No último dia 28 de agosto a nação brasileira relembrou um acontecimento que marcou profundamente a história recente do país. Nesta data foram completados 30 anos desde que o último presidente militar, o general João Figueiredo, sancionou a lei 6.683, que permitiu o retorno de milhares de pessoas que estavam exiladas porque não silenciaram diante do regime discricionário imposto pelos militares em 1964.
Passados tantos anos, é necessário analisar com clareza alguns fatos que levaram a assinatura e o que a Lei da Anistia representou para a sociedade brasileira e da América do Sul. Não restam dúvidas que este fato contribuiu para o retorno da democracia no país. Isto só ocorreu porque os coronéis sentiram que era impossível lutar contra a vontade da nação.
Agora, quem pensa que a Lei da Anistia foi a redenção de todas aquelas atrocidades do regime armado está enganado.
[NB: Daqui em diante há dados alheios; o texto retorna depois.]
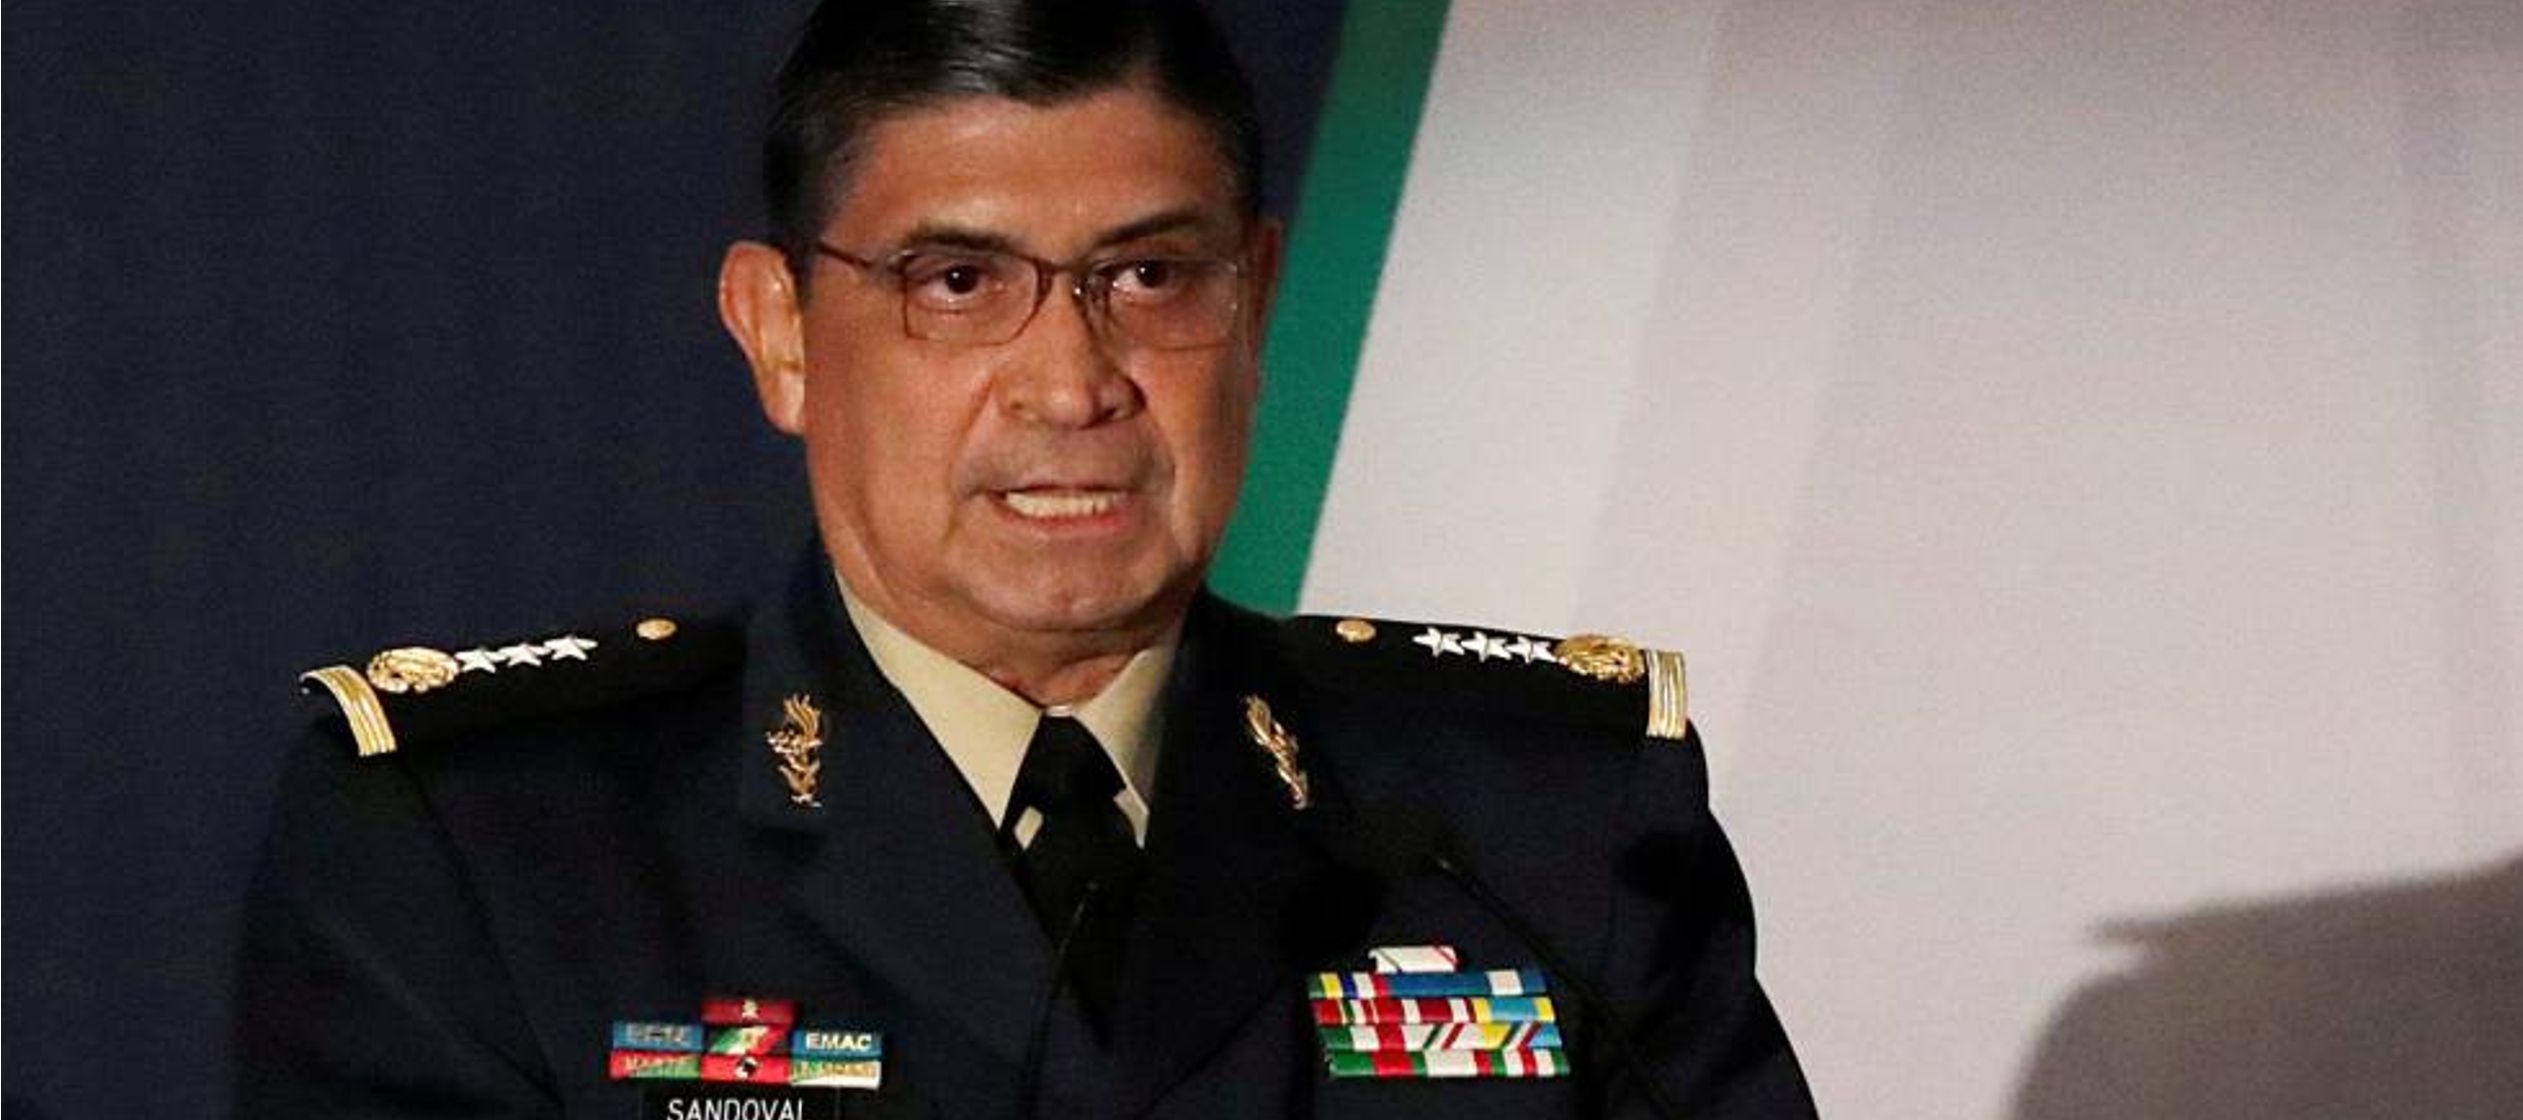 Luis Sandoval se convertirá en secretario de la Defensa el próximo 1 de diciembre,...

Para que ela fosse assinada, foram incluídos termos que deixaram margens contestáveis. Na súmula ficou definida que ela seria “ampla, geral e irrestrita”.
Ora, a anistia não foi apenas para os exilados. A inclusão da palavra “irrestrita”, condição para o Congresso Nacional aprovar a lei, também anistiou aqueles militares, que por muitos anos massacraram a população brasileira e quem não se curvou ao regime. Em artigo recente afirmei que a lei da anistia não apagou e não vai apagar os crimes cometidos pela ditadura. Crimes estes que são imprescritíveis, não acabam simplesmente.
Não podemos esquecer também que a lei permitiu avanços significativos para o regime democrático e a volta de personagens que tiveram participação direta neste processo. Talvez o caso mais emblemático de todos é o do ex-governador Leonel Brizola, que chegou ao Brasil em setembro de 1979, após 15 anos de exílio. O presidente nacional do MDB, o deputado Ulysses Guimarães, designou-me oficialmente para ir recebê-lo, uma vez que Brizola retornou ao Brasil por Foz do Iguaçu. Na época eu presidia o MDB do Paraná.
Agora, se engana quem pensa que o simples retorno mudou alguma coisa na condição de exilado de Brizola. O ex-governador, que faleceu em 2004, só recebeu o reconhecimento oficial de anistiado político em 13 de outubro de 2008, a partir de um pedido de sua ex-companheira Marília Guilhermina Martins Pinheiro, feito à Comissão de Anistia do Ministério da Justiça.
Levantamentos de instituições de defesa dos direitos humanos indicam que mais de 4,6 mil pessoas que haviam sido exiladas, pudessem retornar ao país. Só para ter uma idéia de como o regime militar se impôs, apenas nos primeiros meses da ditadura, mais de 50 mil líderes sociais, sindicalistas, intelectuais, professores, estudantes entre outros foram presos. De 1964 a 1979, 7.367 pessoas foram acusadas judicialmente e 10.034 sofreram inquérito. Neste período ocorreram quatro condenações formais à pena de morte, não executadas graças à pressão popular.
É bom frisar que passados 30 anos da Lei da Anistia o debate permanece em aberto na agenda política brasileira e uma seqüência de eventos tem contribuído para isto. O Brasil passou a ser réu na Corte Interamericana de Direitos Humanos da Organização dos Estados Americanos, no caso da Guerrilha do Araguaia, acusado de não investigar os desaparecimentos e de não fornecer informações sobre o episódio aos familiares das vítimas.
Em 1995, foi promulgada a Lei 9.140, conhecida como “Lei dos Desaparecidos”, que reconheceu como mortas pessoas desaparecidas em razão de participação política. A iniciativa criou a Comissão Especial sobre Mortos e Desaparecidos Políticos, vinculada a Secretaria Especial dos Direitos Humanos da Presidência da República.
É bom frisar que outros países também adotaram medidas mais duras. A Argentina, por exemplo, derrubou as leis Obediência Devida e Ponto Final – de teor semelhante à lei de anistia brasileira. Outro caso é de 1998, quando o juiz espanhol Baltazar Garzón ordenou a prisão do ditador chileno Augusto Pinochet, em Londres, por crimes contra a humanidade.
No Paraná, o Governo do Estado criou uma comissão para analisar casos e indenizar ex-presos políticos. Também promoveu a abertura dos arquivos da ditadura que vão integrar o “Memórias Reveladas – Centro de Referência das Lutas Políticas no Brasil (1964-1985)”, recentemente lançado pelo governo federal. São ações como estas que mostram que a luta valeu a pena. Já está na hora de acabarmos com a impunidade dos torturadores que agiram a mando da Ditadura Militar.